Component kappa rho variance explained normalized variance explained countsigFR2 countsigFS0 dice_FR2 dice_FS0 countnoise signal-noise_t signal-noise_p d_table_score kappa ratio d_table_score_scrub classification rationale
ica_00 106.314 17.8163 0.507241 0.00403574 3856 1826 0.514541 0.243511 674 14.2077 7.00595e-42 4.2 0.292705 2.4 accepted nan
ica_01 91.4559 18.1357 0.569411 0.00297853 4478 2762 0.569481 0.301275 913 8.30499 4.8039e-16 6.4 0.381962 4.4 accepted nan
ica_02 81.9524 19.4905 0.33585 0.00195625 3506 2334 0.520029 0.2966 809 12.2543 2.09485e-31 7.4 0.251414 5 accepted nan
ica_03 74.4902 15.7926 0.517262 0.00306524 4043 2407 0.54551 0.189069 897 13.9354 2.5095e-40 5 0.426008 3 accepted nan
ica_04 72.7947 17.2831 0.32673 0.00231219 3986 3015 0.52485 0.238084 832 13.7875 4.04151e-39 5.4 0.275356 3.6 accepted nan

desc-ICA_metrics.json (new)

    "Component": {
        "Description": "The unique identifier of each component.

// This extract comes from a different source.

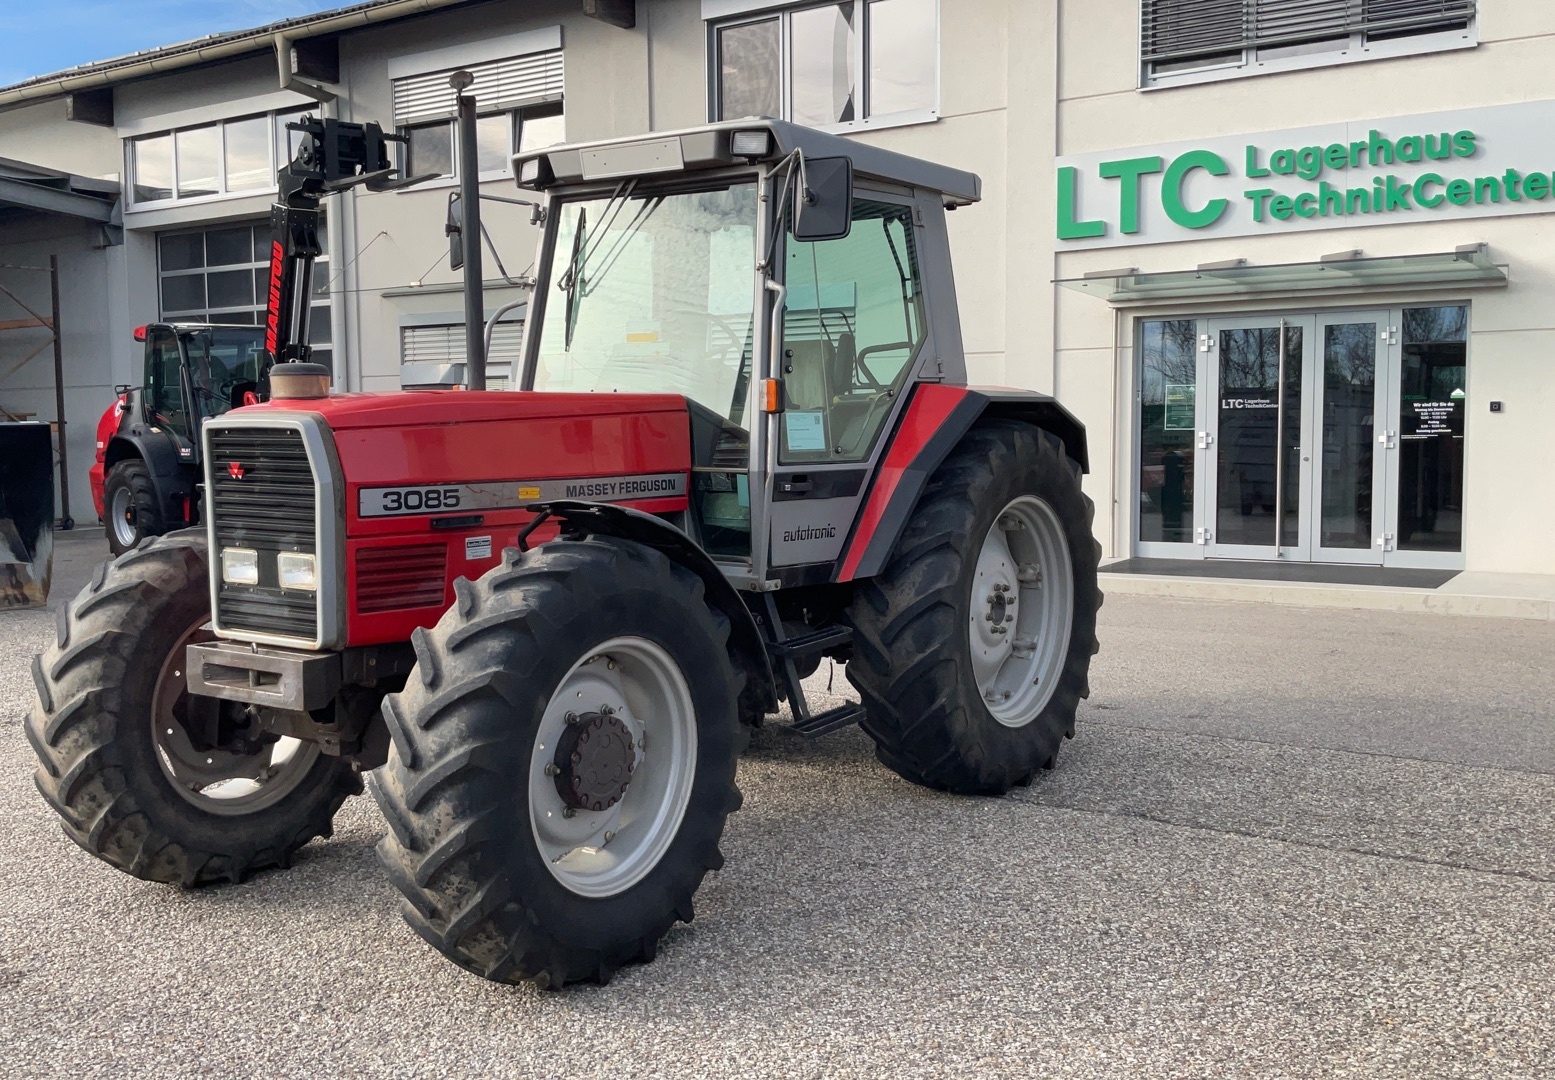 Massey Ferguson 3085 tractor €17,900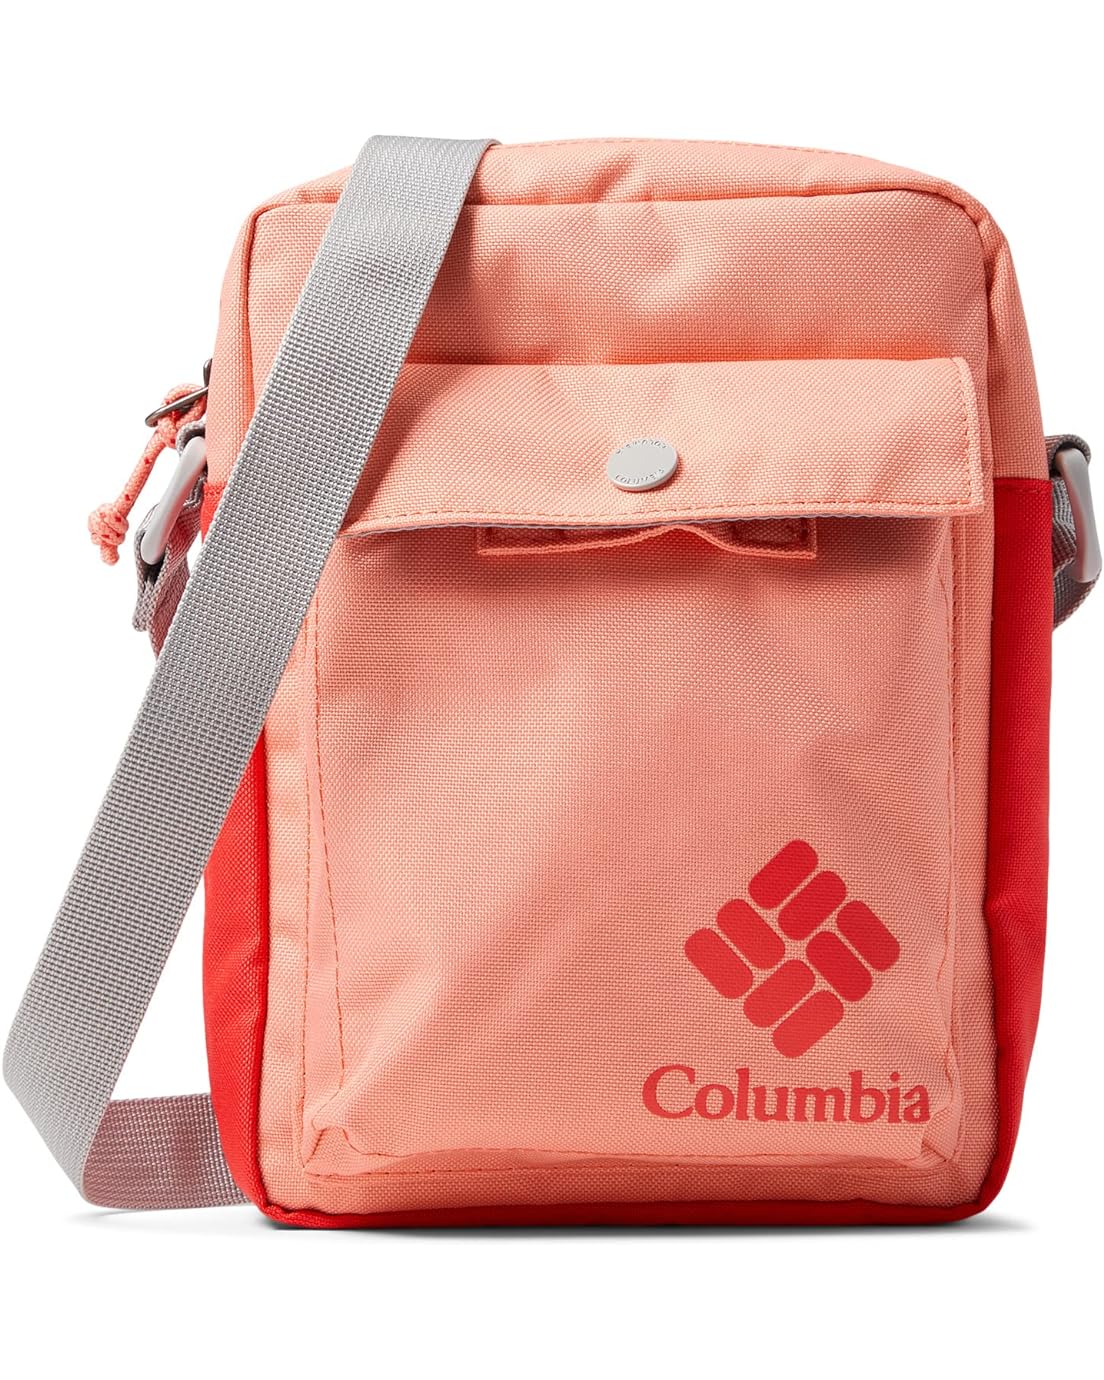 Columbia Zigzag Side Bag

This identifier matches column names in the mixing matrix TSV file.",
        "LongName": "Component identifier"
    "classification": {
        "Description": "Classification from the classification procedure.",
        "Levels": {
            "accepted": "A BOLD-like component included in denoised and high-Kappa data.",
            "ignored": "A low-variance component included in denoised, but excluded from high-Kappa data.",
            "rejected": "A non-BOLD component excluded from denoised and high-Kappa data."
        "LongName": "Component classification"
    "countnoise": {
        "Description": "Number of 'noise' voxels (voxels highly weighted for component, but not from clusters) from each component.",
        "LongName": "Noise voxel count",
        "Units": "voxel"
    "countsigFR2": {
        "Description": "Number of significant voxels from the cluster-extent thresholded R2 model F-statistic map for each component.",
        "LongName": "R2 model F-statistic map significant voxel count",
        "Units": "voxel"

Sounds good to me!

They look beautiful ! Per the linked fMRIPrep discussion, though, does that mean these files are not BIDS compatible for the moment ?

tsalo commented

From what I recall, there is nothing in the derivatives spec prohibiting them, and I think that they are ultimately cleaner than a pure-json approach, but I can't guarantee that other tools (especially fMRIPrep) will want to adopt this approach. That's part of why I want input on ME-ICA/aroma#5 as well.

tsalo commented

One other thing we could do is use desc-tedana instead of desc-ICA for the metric files (see ME-ICA/aroma#5), in order to support multiple algorithms. I don't know how to link the metric files to the decomposition files in that case though... but it's probably something worth looking into.